Key Strategies to Improve Production Performance with MES OEE Software
Strategy 1: Establish an OEE Baseline Before Making Changes
The first step is running MES OEE software for 2-4 weeks without intervening, documenting true performance. Without a baseline, improvement efforts cannot be measured or prioritized effectively. During this period:
- Let the system capture all machine states and downtime events
- Allow operators to learn the categorization interface
- Validate cycle times against 30-50 cycles per operation
- Compare automated data to manual logs to identify discrepancies
That documented baseline tells you exactly where you're starting — and where to focus first.
Strategy 2: Target the Biggest Loss Category First Using Pareto Analysis
Once you have a baseline, resist the urge to fix everything at once. MES OEE platforms rank downtime reasons by frequency and duration — use that to apply the 80/20 rule:
- Identify the top 3 downtime codes driving the most loss
- Focus engineering resources on the single category with the greatest impact
- Don't spread effort across all issues simultaneously
For example, if equipment failure accounts for 40% of downtime, addressing that one category will yield far greater returns than tackling ten smaller issues.
Strategy 3: Use Shift and Operator Performance Data to Identify Variability
MES OEE software captures performance not just by machine but by shift and operator. This reveals whether an OEE gap is:
- A machine problem — consistent low performance across all shifts and operators
- A process/training problem — performance varies significantly by shift or operator
This distinction completely changes the corrective action required. Machine problems need maintenance or tooling changes; operator variability needs training or process standardization.

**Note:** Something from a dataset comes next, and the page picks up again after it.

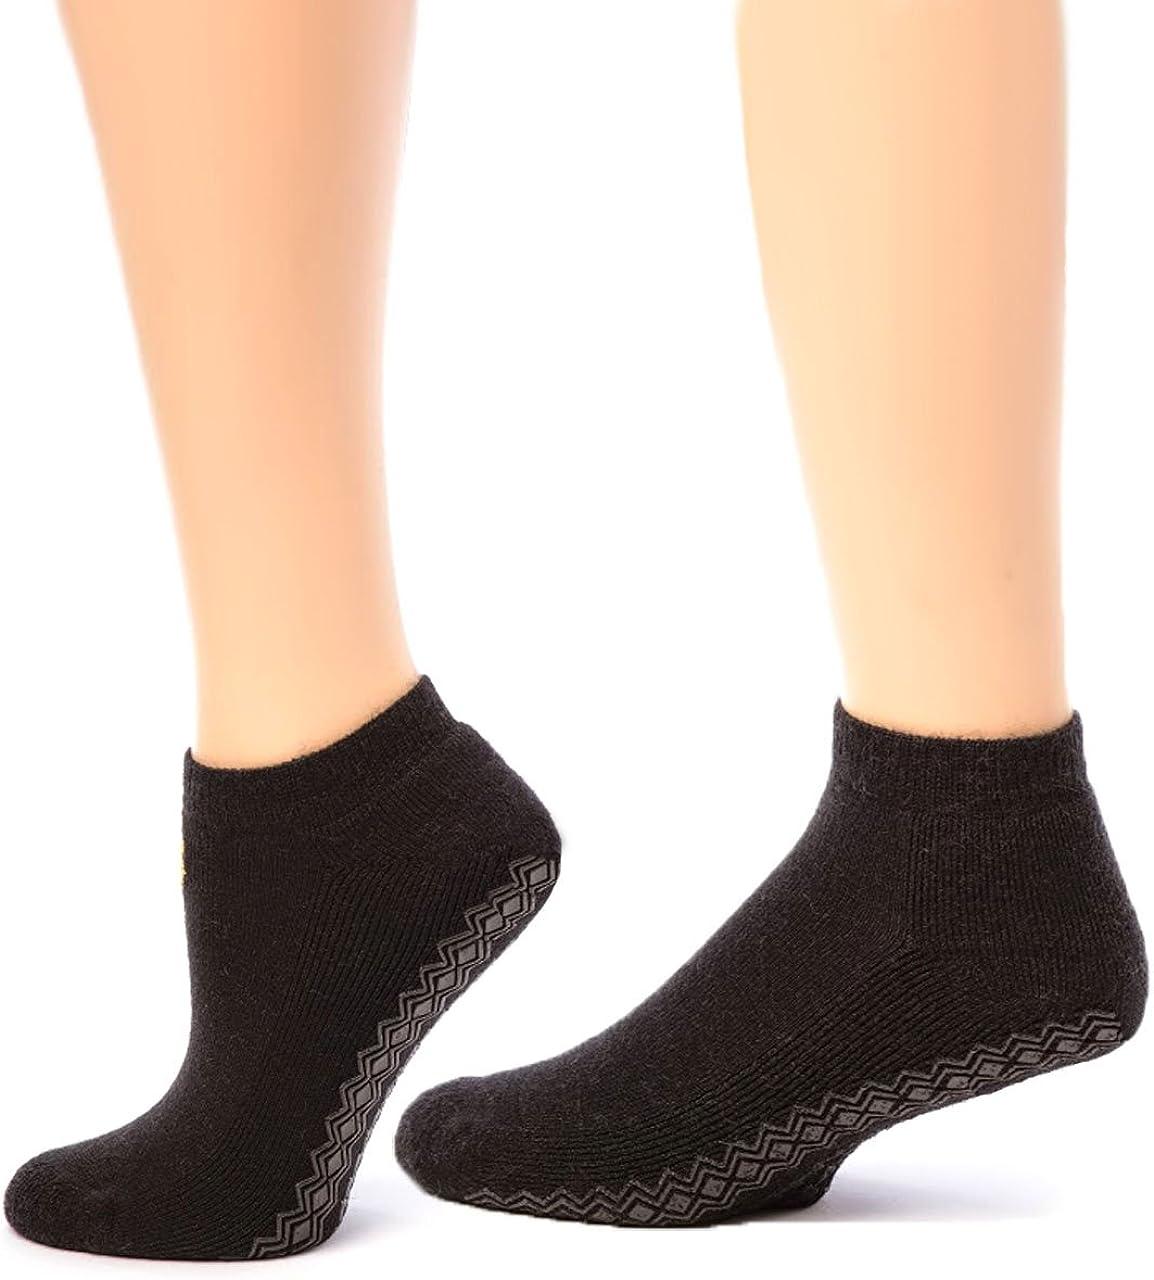 Warrior Alpaca Socks - Women's Non-Skid Mini Crew Alpaca Wool Sock - Ankle High

Strategy 4: Integrate OEE Data with Production Scheduling
Feed real-time OEE data back into scheduling decisions so production planners account for actual machine capacity — not theoretical capacity — when committing to delivery dates. This:
- Reduces the risk of late orders caused by overestimating available runtime
- Enables dynamic scheduling based on current machine performance
- Improves on-time delivery rates
Excellerant's machine monitoring software feeds live shop floor data directly to connected business systems, so schedulers are always working from current machine performance — not last week's numbers.
Strategy 5: Set Incremental OEE Improvement Targets Tied to Specific Loss Categories
World-class OEE targets around 85% aren't reached overnight. Build toward them incrementally:
- Set targeted micro-improvements (e.g., reduce changeover downtime by 15% in 90 days)
- Focus on one loss category at a time
- Measure progress weekly
- Compound small gains over time into significant overall OEE improvements
This incremental approach maintains momentum and delivers measurable ROI at each stage.
What to Look for in MES OEE Software
Universal Machine Connectivity
The most critical selection criterion is whether the MES OEE software can connect to every machine in the facility — not just modern equipment with standard protocols, but also older CNCs and legacy machines. A system that leaves even a fraction of machines unmonitored creates blind spots that undermine overall OEE accuracy.
Excellerant's platform is designed specifically to handle any machine brand, any protocol, new or legacy. Their system supports modern ethernet and WiFi connections for newer equipment, and serial communications or PLC adapters for older machines, making it particularly well-suited for mixed-environment shops.
Ease of Deployment and Scalability
Evaluate these factors:
- Does it require dedicated servers, or is it cloud-based?
- How long does deployment take from purchase to live production data?
- Can it scale from a handful of machines to a full plant without rearchitecting?
- Do licensing costs scale linearly, or are there flat-rate options?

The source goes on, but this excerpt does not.